### TO DO
Output the listing exactly as written, apart from its pictures.

### GIVEN MATERIAL
---------------
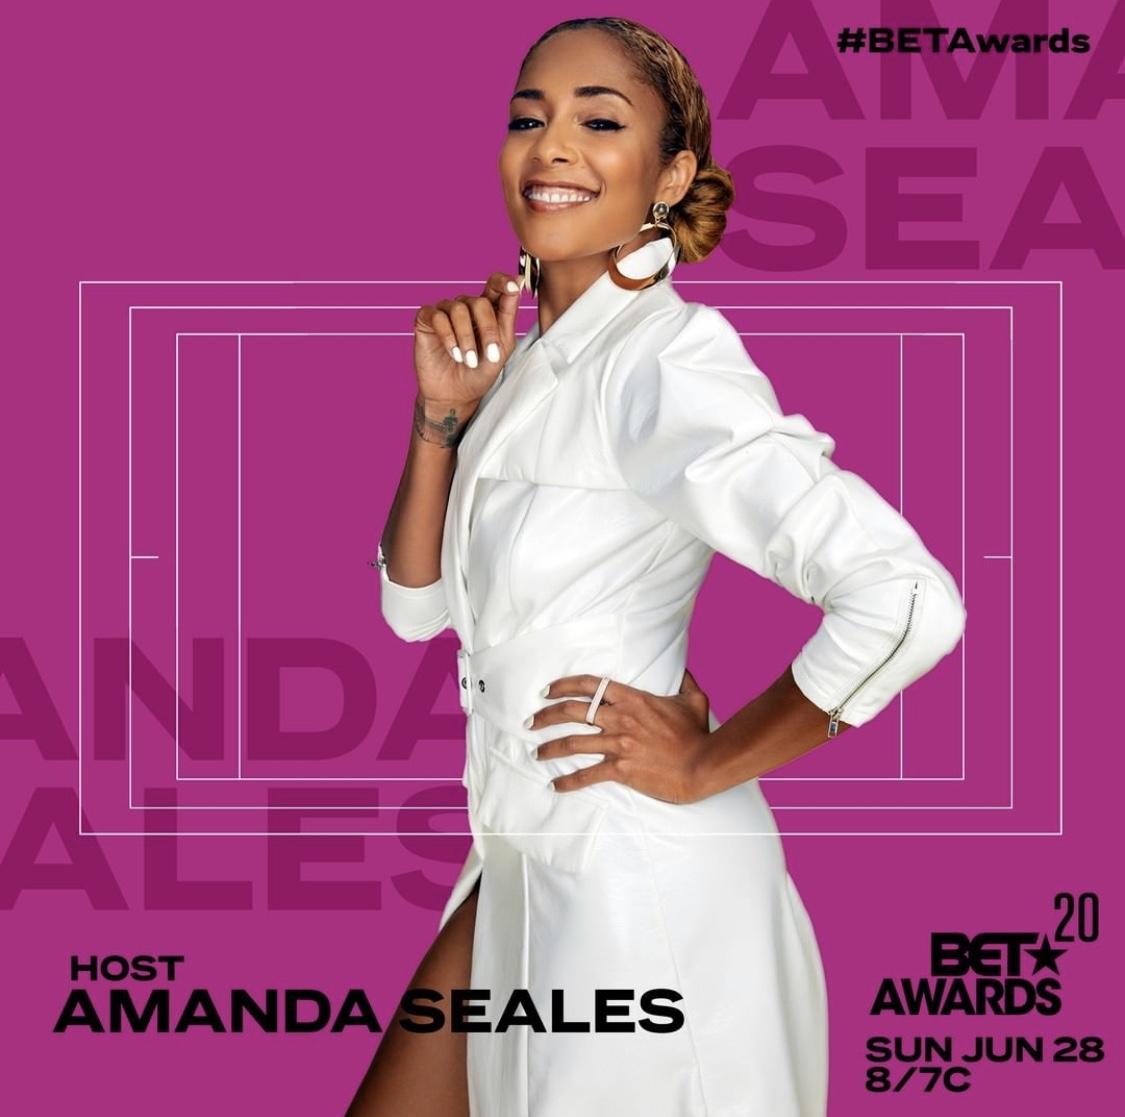 amanda-seales-bet-awards-2020-nominations
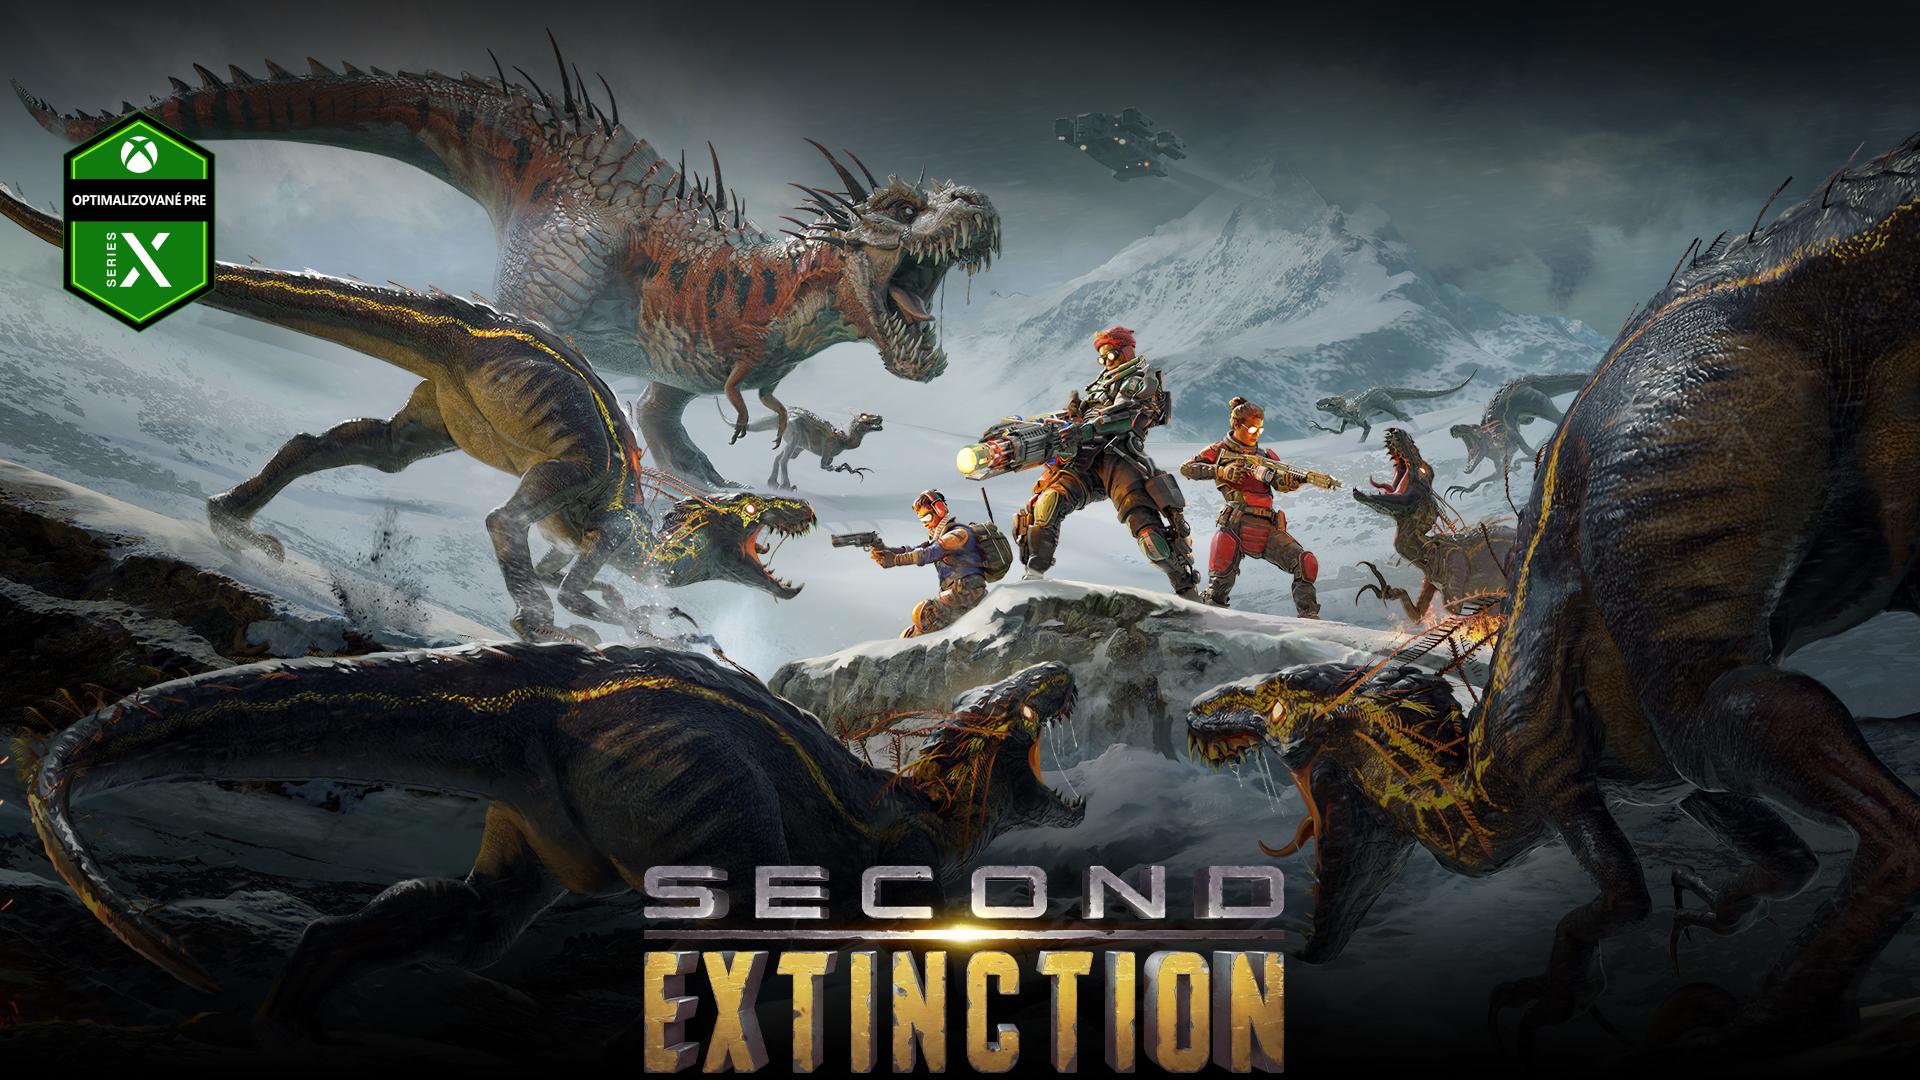 Second Extinction, Optimalizované pre Series X, skupina postáv stretáva skupinu dinosaurov.
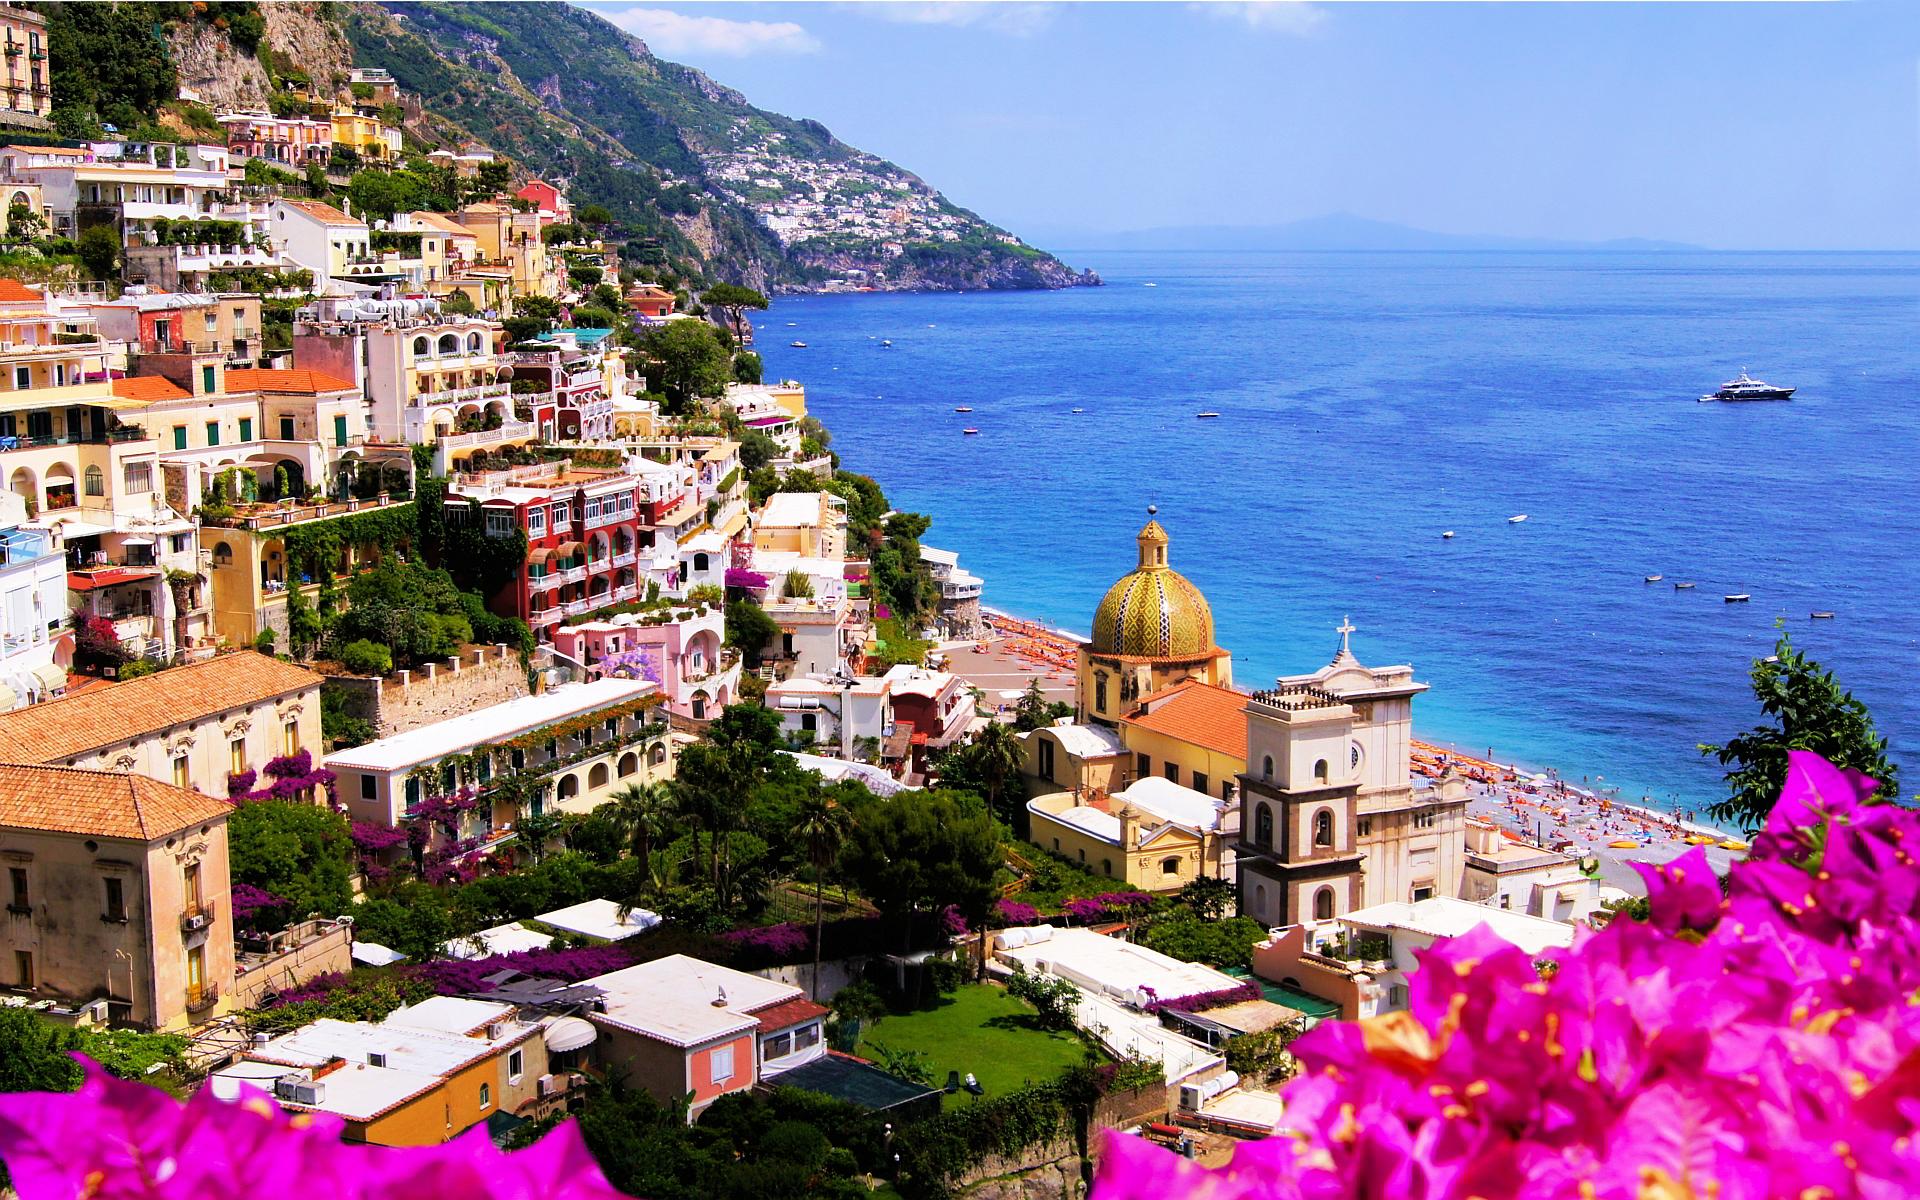 Amalfi campania italy
---------------
### TASK RESPONSE
 amanda-seales-bet-awards-2020-nominations
 Second Extinction, Optimalizované pre Series X, skupina postáv stretáva skupinu dinosaurov.
 Amalfi campania italy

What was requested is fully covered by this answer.